Thank you in advance (I can't get access to Stata Forum due to a firewall)
I tried creating variables that identify multi-country IDs and another that reads the country when it is the second or third linked to the same ID
ID | country | var 1 | var 2 |
---|---|---|---|
A1 | AT | 1 | |
A1 | BE | 2 | |
A2 | CZ | ||
A3 | US | 1 | |
A3 | UK | 2 | |
A4 | NZ | 3 |
Here is a solution:
clear
input str2(id country)
"A1" "AT"
"A1" "BE"
"A2" "CZ"
"A3" "US"
"A3" "UK"
"A4" "NZ"
"A4" "US"
end
* Get locals with all country abbreviation and the number of countries
levelsof country, local(countries)
local num_countries : list sizeof countries
* Collapse each project to one row where the last row has all abbreviations
* of countries in that project. Keep only the last row for each project
sort id country
replace country = country[_n-1] + " " + country if id[_n-1] == id
by id : keep if _n == _N
* Get a local with all combination of collaborations
levelsof country, local(combos)
* Loop over each country
foreach country of local countries {
* For each country get a list of collaborations that country is part of
foreach combo of local combos {
if strpos("`combo'","`country'") {
local `country'_colab "``country'_colab' `combo'"
}
}
*Remove duplicates from list
local `country'_colab : list uniq `country'_colab
*Remove the country itself from that country's list
local `country'_colab = subinstr("``country'_colab'","`country'","",.)
*Remove all excessive spaces for no other reason than neatness
local `country'_colab = trim(itrim("``country'_colab'"))
*Display all collaborations
di "Country `country' collaborats with countries: ``country'_colab'"
}
* Clear the original data and create a new data set with one obs per country
clear
set obs `num_countries'
* Create one row and row column for each country.
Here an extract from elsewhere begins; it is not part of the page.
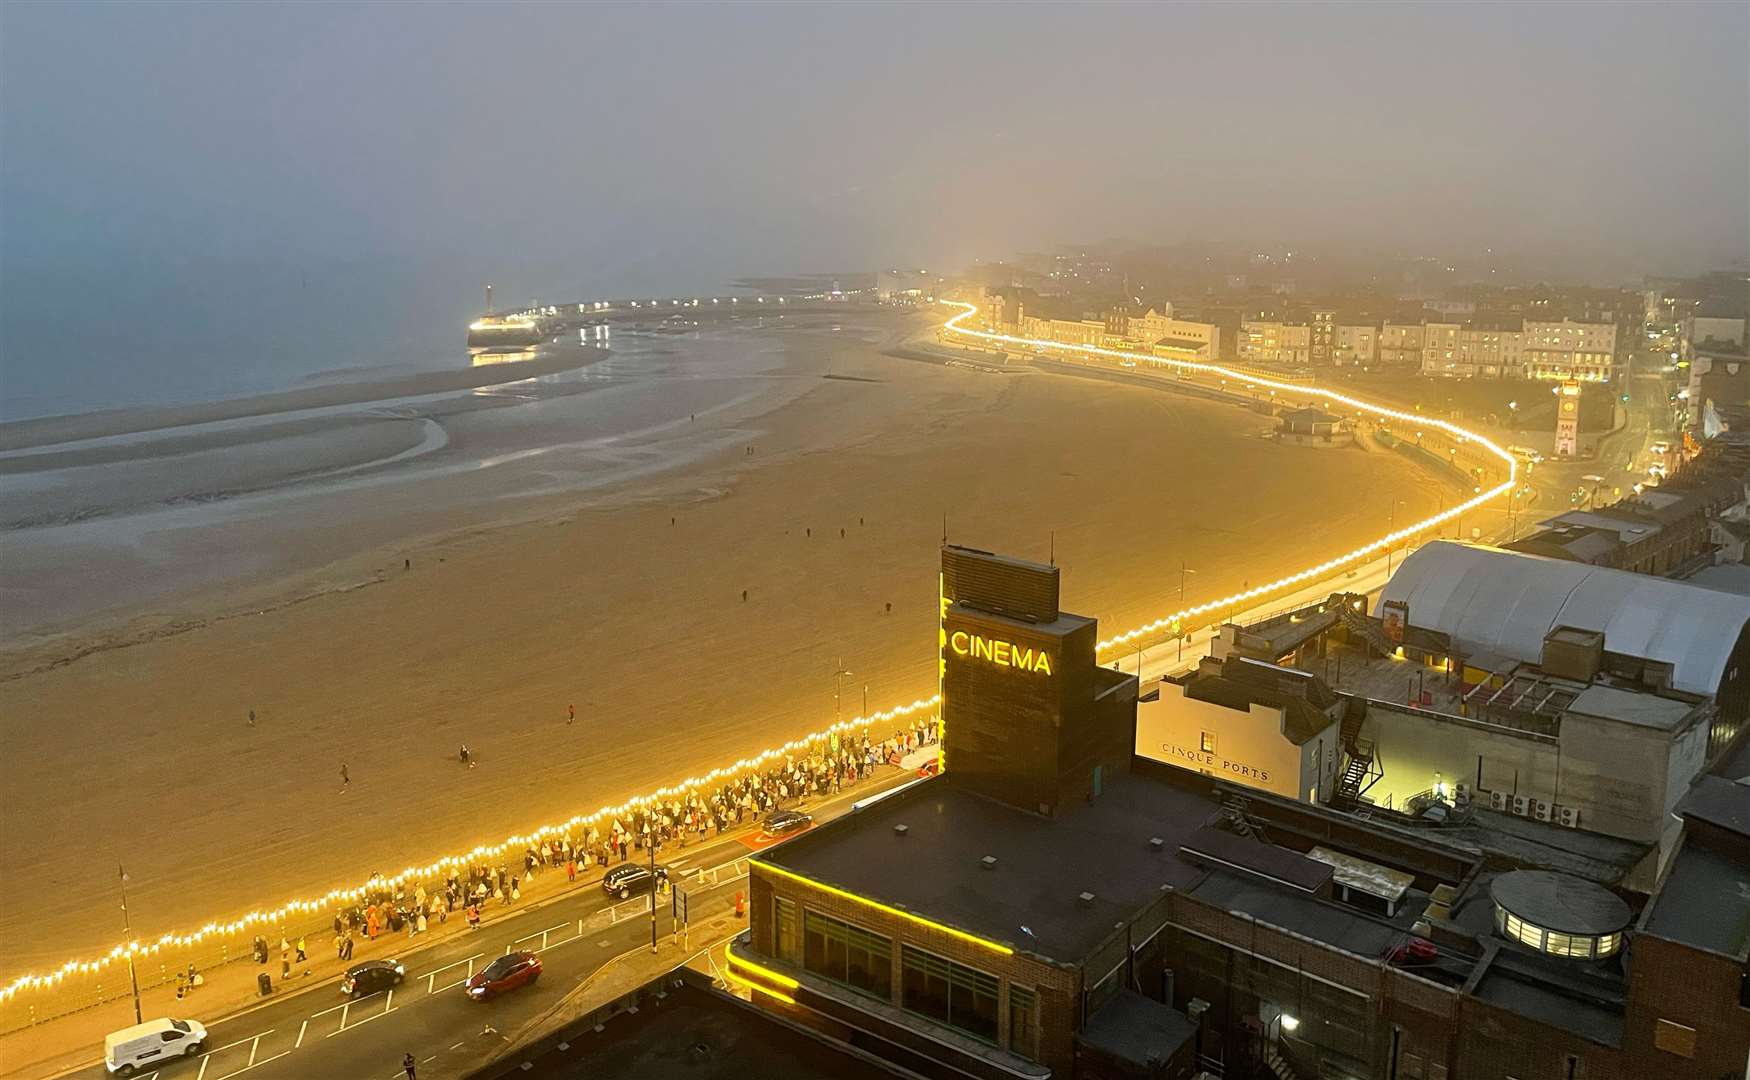 The lights put up by the production crew illuminated the promenade during filming. Picture: Paul Johnson

* Set the default to 0 for no collaboration
gen country = ""
local row = 1
foreach country of local countries {
gen `country' = 0
replace country = "`country'" if _n == `row++'
}
* Go over the list of collaborations for each country and set value to 1
* where the row and column country collaborates
foreach country of local countries {
foreach colab of local `country'_colab {
replace `colab' = 1 if country == "`country'"
}
}
I have not cleared duplicates as you suggested as a preference as I think you get an ambivalent data set as it is not clear for which country you should drop a row and for which you should drop a column.